Abstract Title:

A Phase I Safety, Pharmacokinetic, and Pharmacodynamic Presurgical Trial of Vitamin Eδ-tocotrienol in Patients with Pancreatic Ductal Neoplasia.

Abstract Source:

EBioMedicine. 2015 Dec ;2(12):1987-95. Epub 2015 Nov 14. PMID: 26844278

Abstract Author(s):

Gregory M Springett, Kazim Husain, Anthony Neuger, Barbara Centeno, Dung-Tsa Chen, Tai Z Hutchinson, Richard M Lush, Saïd Sebti, Mokenge P Malafa

Article Affiliation:

Gregory M Springett

Abstract:

BACKGROUND: Vitamin Eδ-tocotrienol (VEDT), a natural vitamin E from plants, has shown anti-neoplastic and chemoprevention activity in preclinical models of pancreatic cancer. Here, we investigated VEDT in patients with pancreatic ductal neoplasia in a window-of-opportunity preoperative clinical trial to assess its safety, tolerability, pharmacokinetics, and apoptotic activity.

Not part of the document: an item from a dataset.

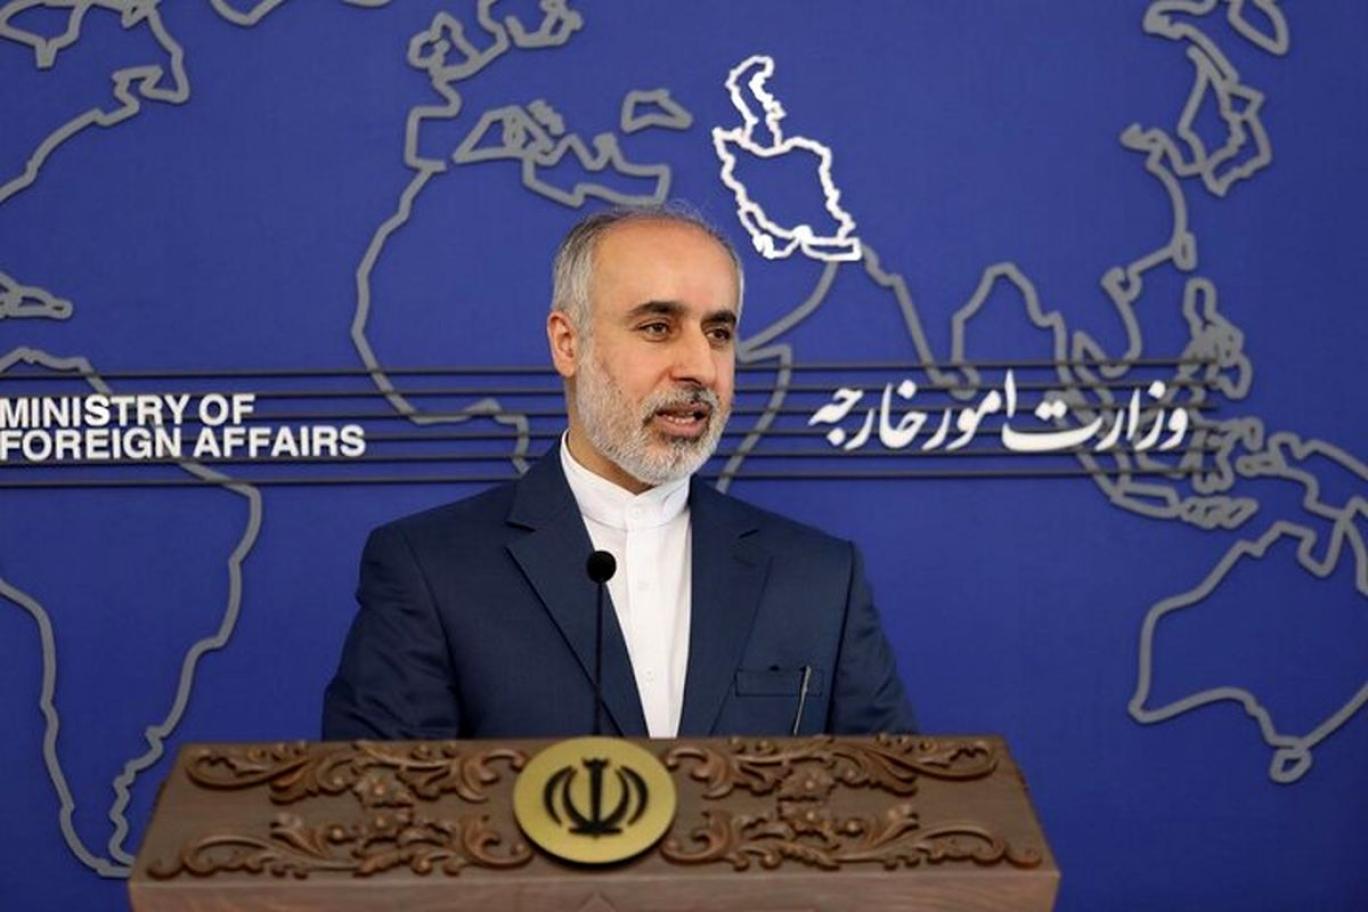 ناصر کنعانی : روابط ایران و افغانستان به هم پیوسته و جدایی ناپذیر است

METHODS: Patients received oral VEDT at escalating doses (from 200 to 3200 mg) daily for 13 days before surgery and one dose on the day of surgery. Dose escalation followed a three-plus-three trial design. Our primary endpoints were safety, VEDT pharmacokinetics, and monitoring of VEDT-induced neoplastic cell apoptosis (ClinicalTrials.gov number NCT00985777).

FINDINGS: In 25 treated patients, no dose-limiting toxicity was encountered; thus no maximum-tolerated dose was reached. One patient had a drug-related adverse event (diarrhea) at a 3200-mg daily dose level. The effective half-life of VEDT was ~ 4 h. VEDT concentrations in plasma and exposure profiles were quite variable but reached levels that are bioactive in preclinical models. Biological activity, defined as significant induction of apoptosis in neoplastic cells as measured by increased cleaved caspase-3 levels, was seen in the majority of patients at the 400-mg to 1600-mg daily dose levels.

INTERPRETATION: VEDT from 200 to 1600 mg daily taken orally for 2 weeks before pancreatic surgery was well tolerated, reached bioactive levels in blood, and significantly induced apoptosis in the neoplastic cells of patients with pancreatic ductal neoplasia. These promising results warrant further clinical investigation of VEDT for chemoprevention and/or therapy of pancreatic cancer.